It is imperative that every child of God should know the fundamental principles of Christian service. One could mention many portions of the Word of God to show these principles of service, but for practical purposes and an illustration of highest magnitude we shall consider the prophet in 1 Kings 18. In this passage we are introduced to Elijah the Tishbite, who, while engaged in the work of the Most High, manifested in a very spectacular manner both spiritual power and humility. Let us consider these spiritual qualifications as they are seen in the prophet.
The Power of Elijah:
Retrogression like a canker had set in throughout all Israel. The king, Ahab, had repudiated the commandments of the Lord (v. 18). He had also adopted and was perpetrating the prefidious doctrine of Baal. Elijah saw the nation halting between two opinions (v. 21), so, at the risk of his own life, he called the king, the people, and the prophets of Baal, to a contest on Mount Carmel, in order that once and for all it might be fully demonstrated “The Lord He is God” (V. 39).

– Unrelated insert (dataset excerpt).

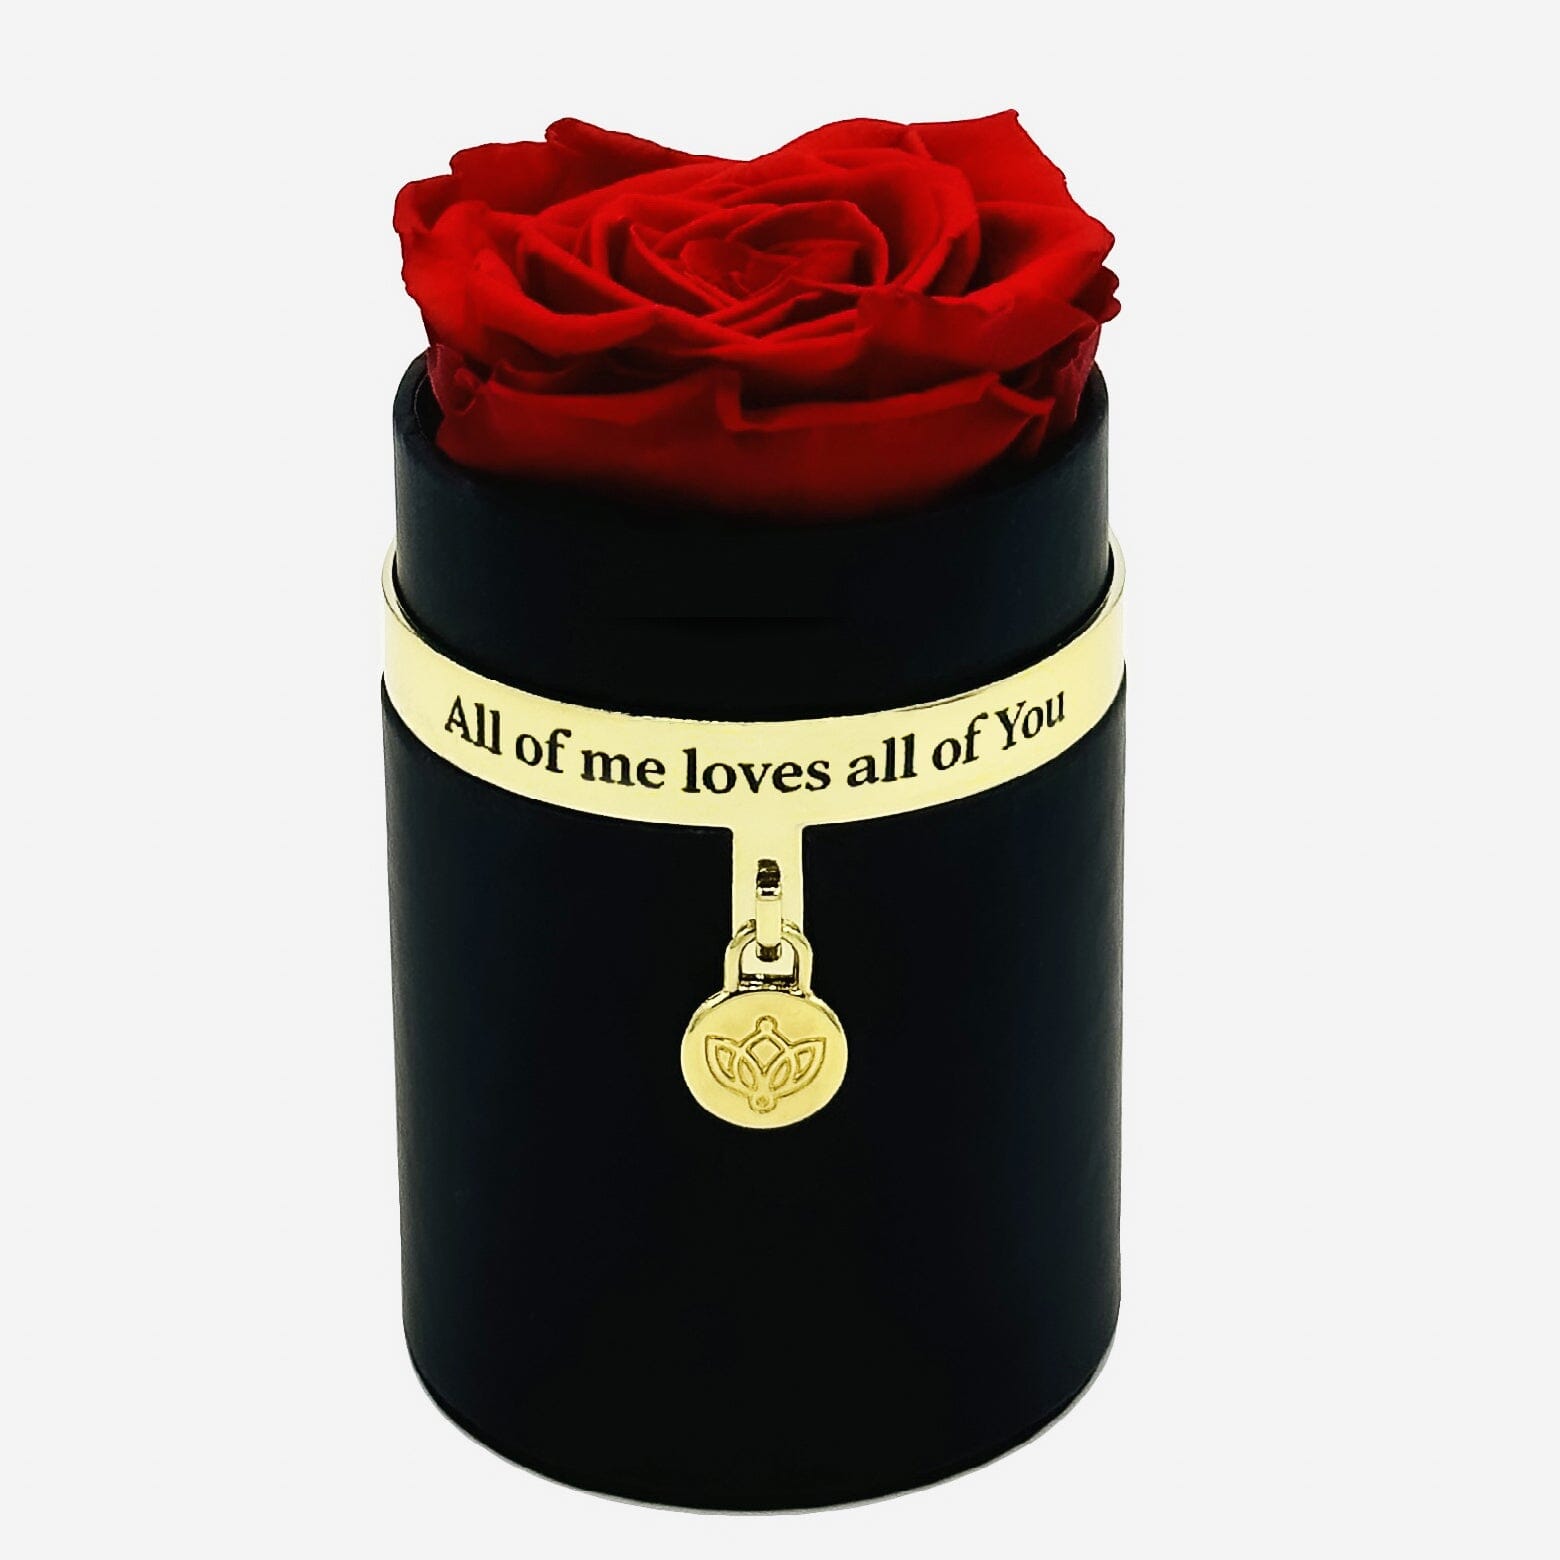 One in a Million™ Round Black Box | All of me loves all of You | Red Rose - The Million Roses
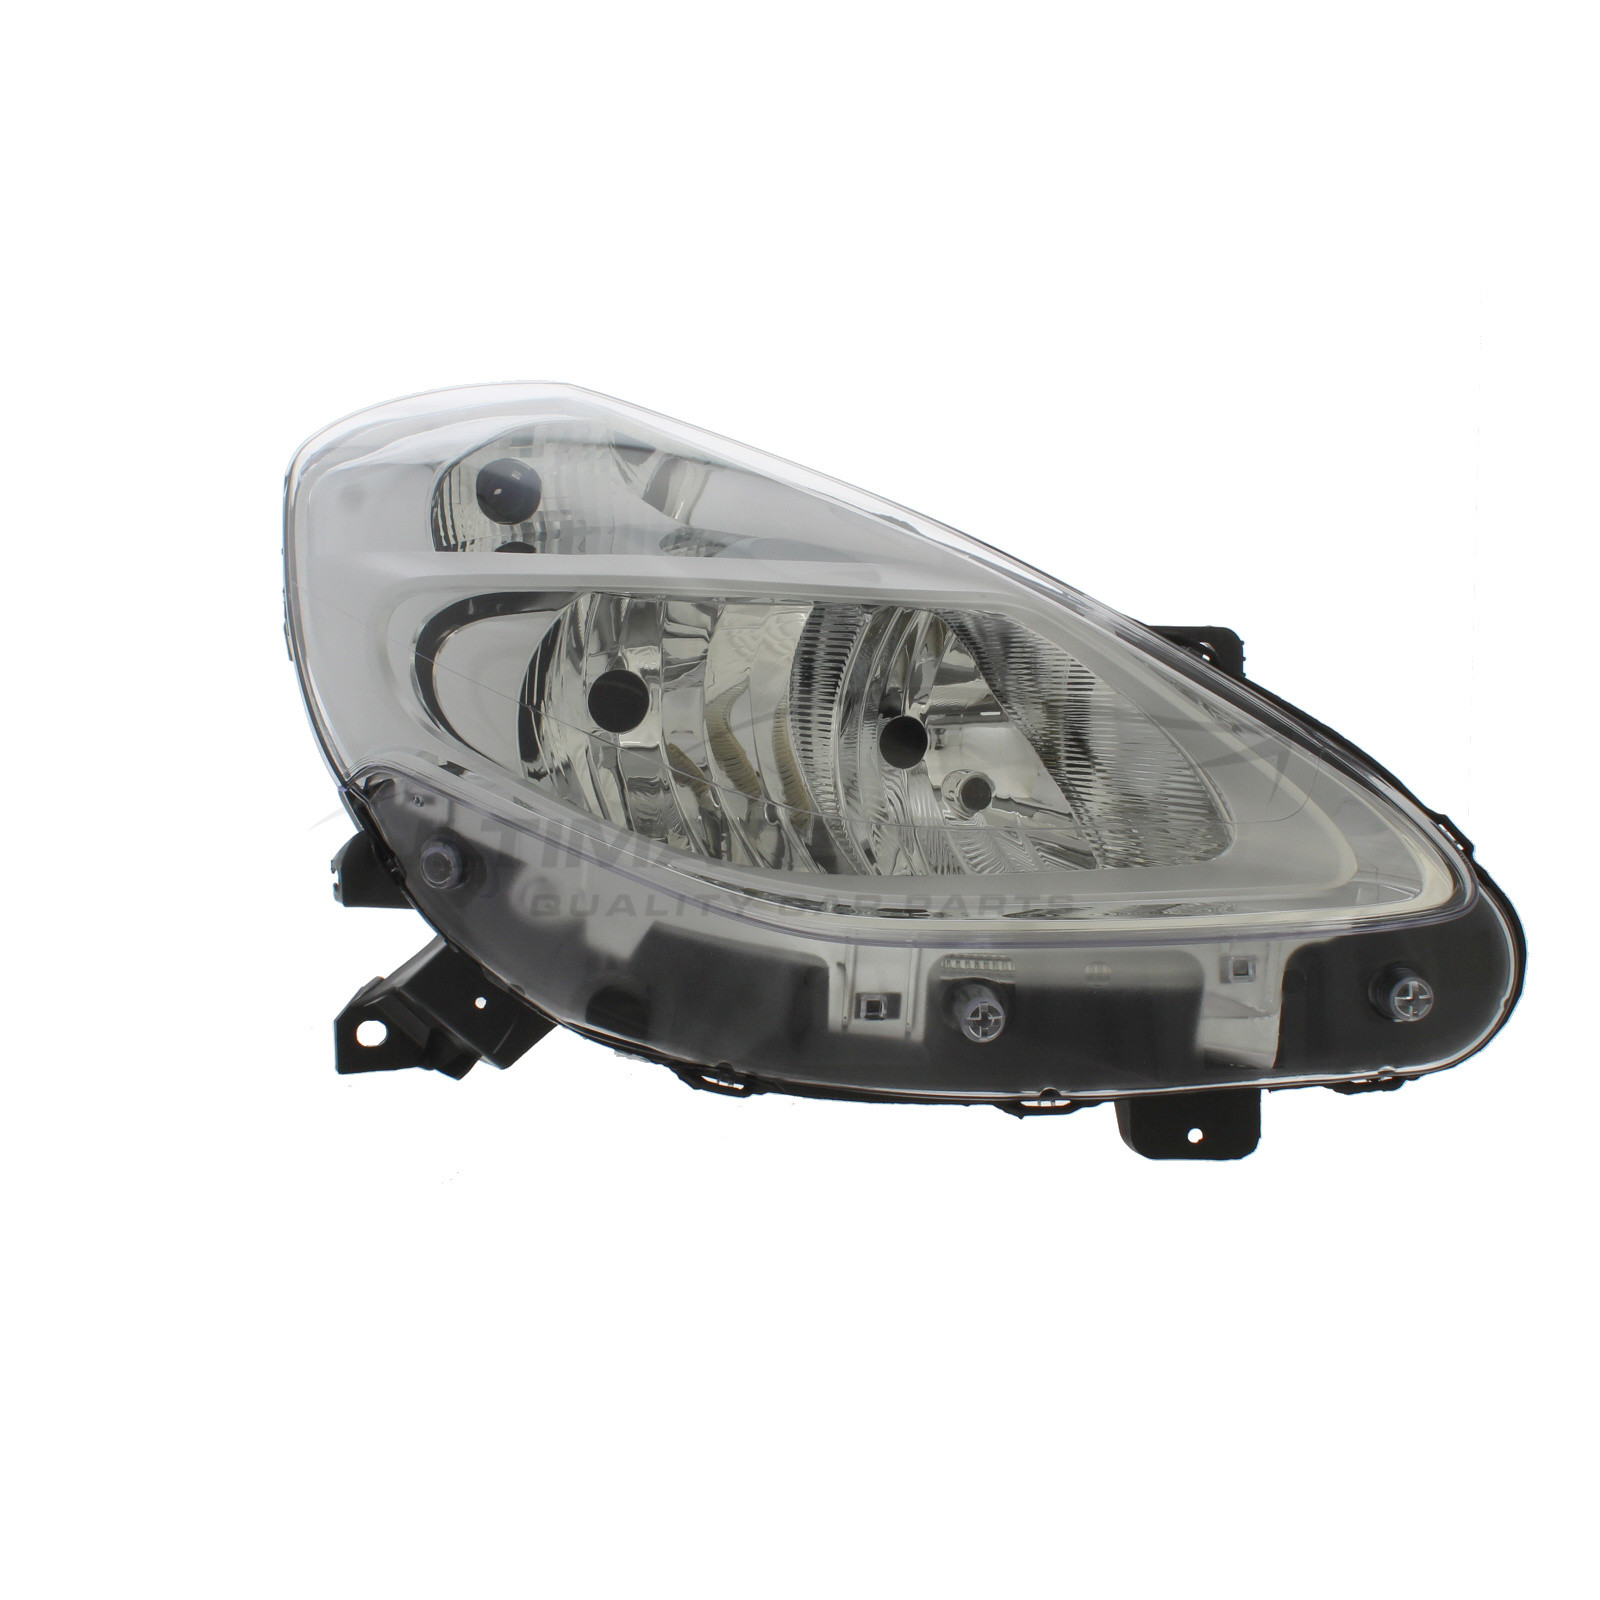 Renault Clio 2009-2013 Halogen, Electric Without Motor, Chrome Headlight / Headlamp Drivers Side (RH)

The contest was staged and the prophets of Baal were definitely and shamefully defeated. This resulted in a tremendous humiliation of the king in the eyes of Israel. Elijah the man of power won the day for his God, and was the means of turning this indecisive people from a wavering policy to a fixed purpose, for they unitedly and triumphantly acclaimed “The Lord, He is God” (v. 39).
The Humility of Elijah:
Without a doubt the defeat and the destruction of the prophets of Baal caused the people to recognize Elijah as a man of power. They also saw the shame and the confusion of their idolatrous king, and in their minds they naturally would question his lordship and authority. Elijah, with high hopes that the king would foresake his idols and his wickedness, and honour the only true God, immediately sought to restore governmental power into the hands of Ahab, and to place him again in the position of absolute monarch. This he endeavoured to accomplish by doing the humble and menial act of running as a courier before the king from Mount Carmel to the entrance of Jezreel.
In the East this was an ancient custom and it was invariably done by a man of inferior station. He was employed in this capacity to announce the approach of the royal chariot. When we consider the age, character, and office of Elijah, it would appear to be an extraordinary and almost ludicrous undertaking. Nevertheless, Elijah, the man of power, became the man of humility so that the king might regain authority over his people.
For approximately 12 miles this aged veteran with his loins girded ran before the king. What an effect this must have had upon Israel! Under ordinary circumstances this would have been impossible owing to Elijah’s years, but he was strengthened for the occasion like every servant of Jehovah because the hand of the Lord was upon him.
Surely this narrative, illustrates that divine service demands men and women of power and of humility who are willing to jeopardize their lives in order that godliness and liberty prevail.